On the western side of the slab, in Hebrew and English:
In Hebrew:
נתרם ע"י משפחת
ישעיהו אפשטיין
תל אביב תש"נ
Translation: Donated by the family of Yeshayahu Epstein, Tel Aviv, 1990
In English:
Donated by Fam.
Shaya Epstein
Tel-Aviv 1990
Commissioned by
Family of Yeshayahu (Shaya) Epstein
sub-set tree:
Overall width - 220 cm
Right pier, width - 70 cm
Right pier, thickness - 43 cm
Central stele, width - 51
Left pier, width - 47 cm
The monument was funded by Yeshayahu Epstein, a Vilna naitive who lived in Tel Aviv (his father Zeev is buried here) and unveiled on November 8, 1989, in the presence of Rabbi Shlomo Goren, the former Chief Rabbi of the Israeli Defense Forces and Chief Ashkenazi Rabbi of Israel.
Agranovskii, Genrikh and Irina Guzenberg. Vilnius: Po sledam Litovskogo Ierusalima. Pamiatnye mesta ereiskoi istorii i kul’tury, 2nd ed. (Vilnius: The Vilna Gaon Jewish State Museum, 2016)., 688.

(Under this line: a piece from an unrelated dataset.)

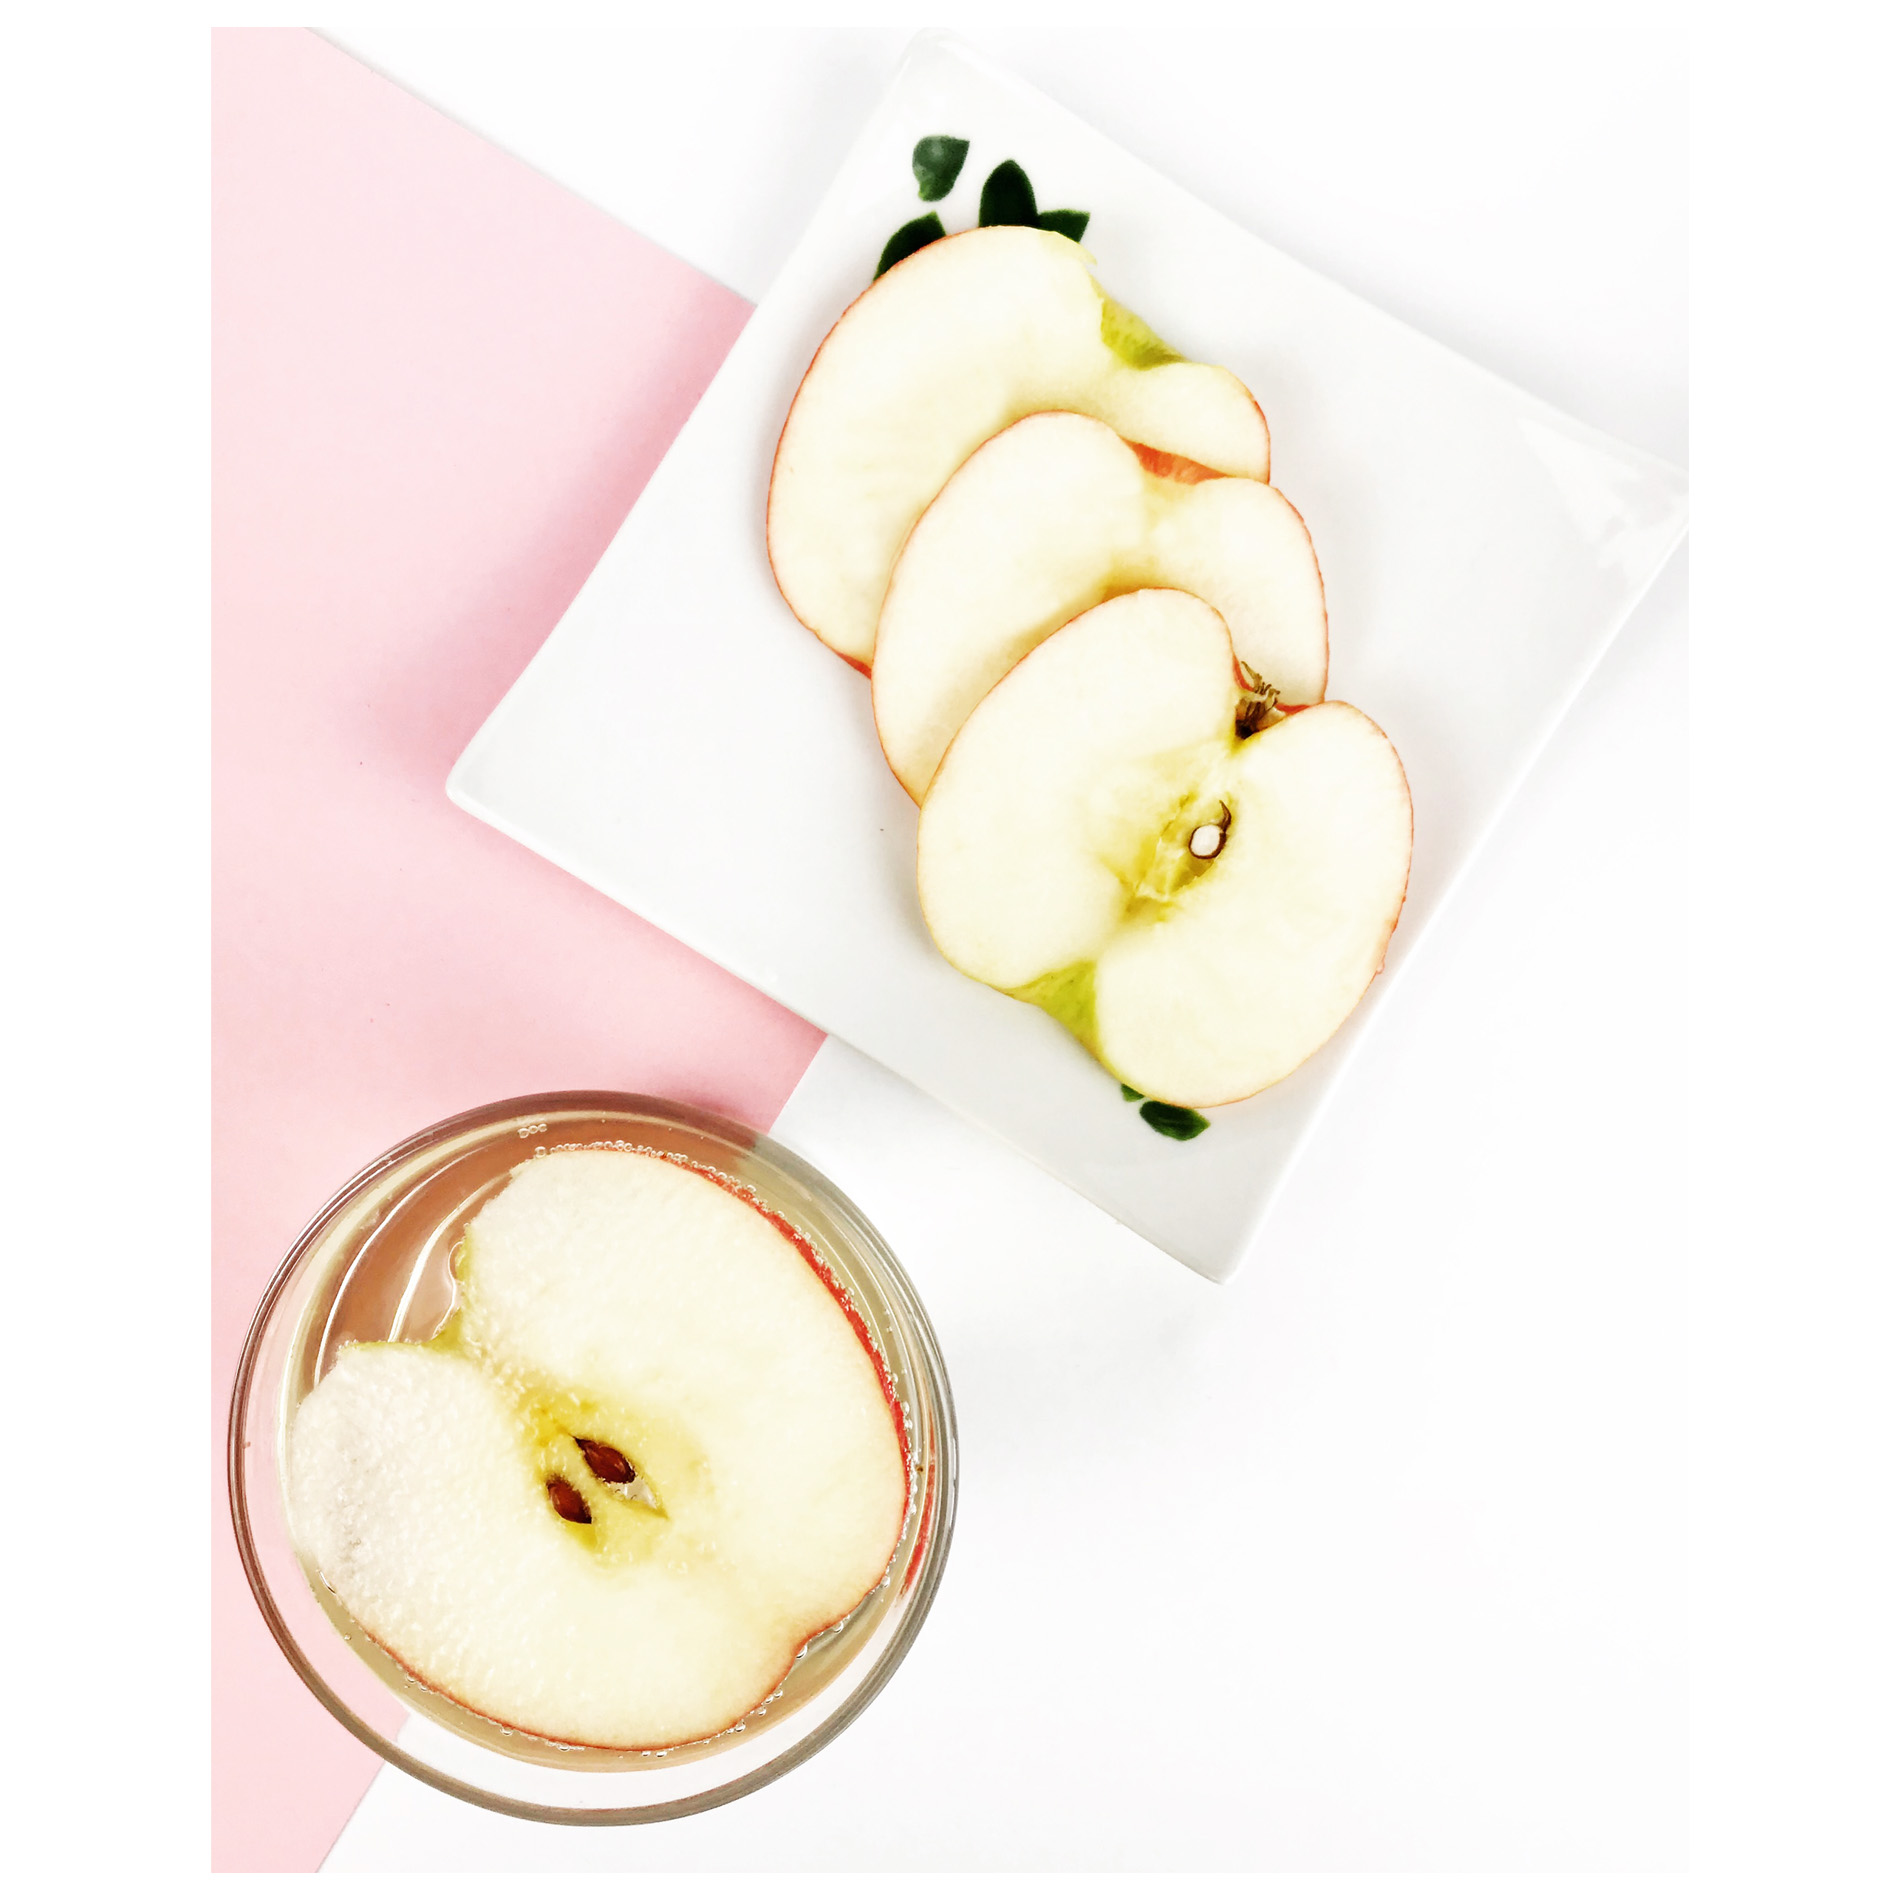 Apfelessig trinken ist gesund, Apfelessig ein Wundermittel für den Körper, Apfelessig ist gesund, Ein Glas Apfelessig am Tag, schöne Haut mit Apfelessig, gesund leben, Naturkosmetik, So gesund ist Apfelessig

Guzenberg, Irina, Vilnius: Sites of Jewish Memory. A Concise Guide. Second revised and supplemented edition. Trans. Svetlana Shatalova (Vilnius: Pavilniai Publishers, 2019)., 70.
Guzenberg, Irina, Vilnius: Traces of the Jewish Jerusalem of Lithuania. Memorable Sites of Jewish History and Culture. A Guidebook (Vilnius: Pavilniai, 2021)., 704.
Guzenberg, Irina. Vilnius: Pamiatnye mesta evreiskoi istorii i kul'tury (Vilnius: Pavilniai, 2013)., 68.
Itzhak Alfasi (ed.), Vilna yerushalayim de-lita hareva! haita ve-einena od (Tel Aviv, 1993), 15.